A group of 20 tourists go on a trip. The oldest member of the group is 35, the youngest is 20. Is it true that there are members of the group that are the same age?
What is the minimum number of lottery tickets for the Sport Lotto that it is necessary to buy in order to guarantee that at least one of the tickets will have one number correct. On any single ticket you can choose 6 of the available numbers 1 to 49.
You are given 25 numbers. The sum of any 4 of these numbers is positive. Prove that the sum of all 25 numbers is also positive.
A class contains 25 pupils. It is known that within any group of 3 pupils there are two friends. Prove that there is a pupil who has no fewer than 12 friends.

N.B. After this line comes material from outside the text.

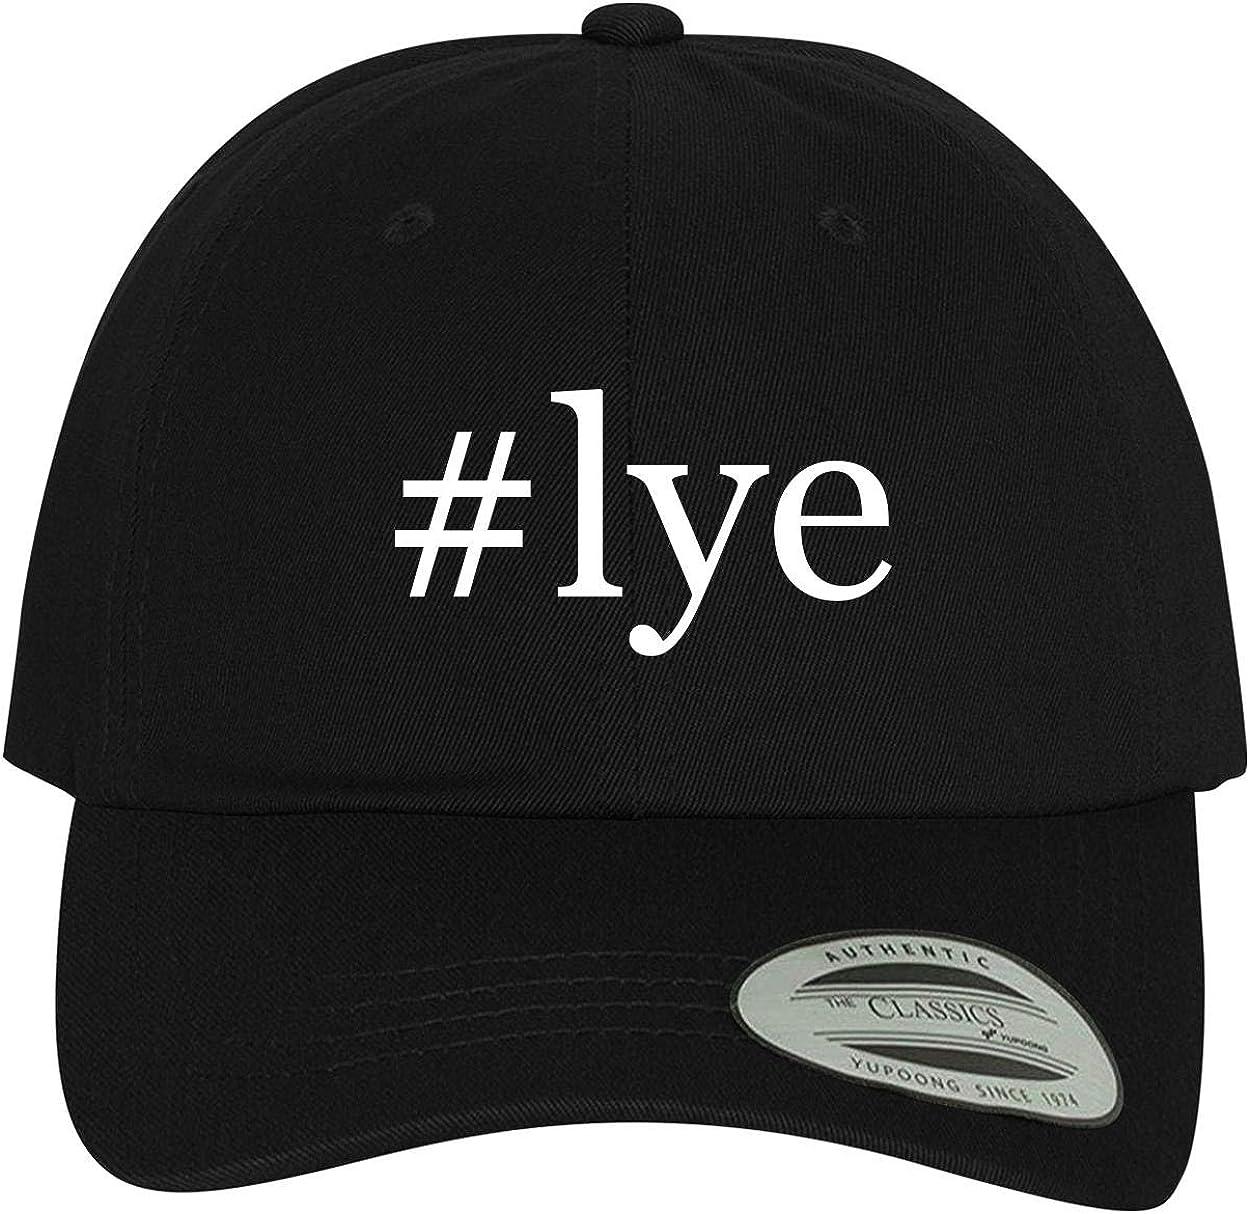 BH Cool Designs #Lye Comfortable Dad Hat Baseball Cap

A square area of size \(100\times 100\) is covered in tiles of size \(1\times 1\) in 4 different colours – white, red, black, and grey. No two tiles of the same colour touch one another, that is share a side or a corner. How many red tiles can there be?
One corner square was cut from a chessboard. What is the smallest number of equal triangles that can be cut into this shape?
Reception pupil Peter knows only the number 1. Prove that he can write a number divisible by 1989.
A scone contains raisins and sultanas. Prove that inside the scone there will always be two points 1cm apart such that either both lie inside raisins, both inside sultanas, or both lie outside of either raisins or sultanas.
101 points are marked on a plane; not all of the points lie on the same straight line. A red pencil is used to draw a straight line passing through each possible pair of points. Prove that there will always be a marked point on the plane through which at least 11 red lines pass.
33 representatives of four different races – humans, elves, gnomes, and goblins – sit around a round table.
It is known that humans do not sit next to goblins, and that elves do not sit next to gnomes. Prove that some two representatives of the same peoples must be sitting next to one another.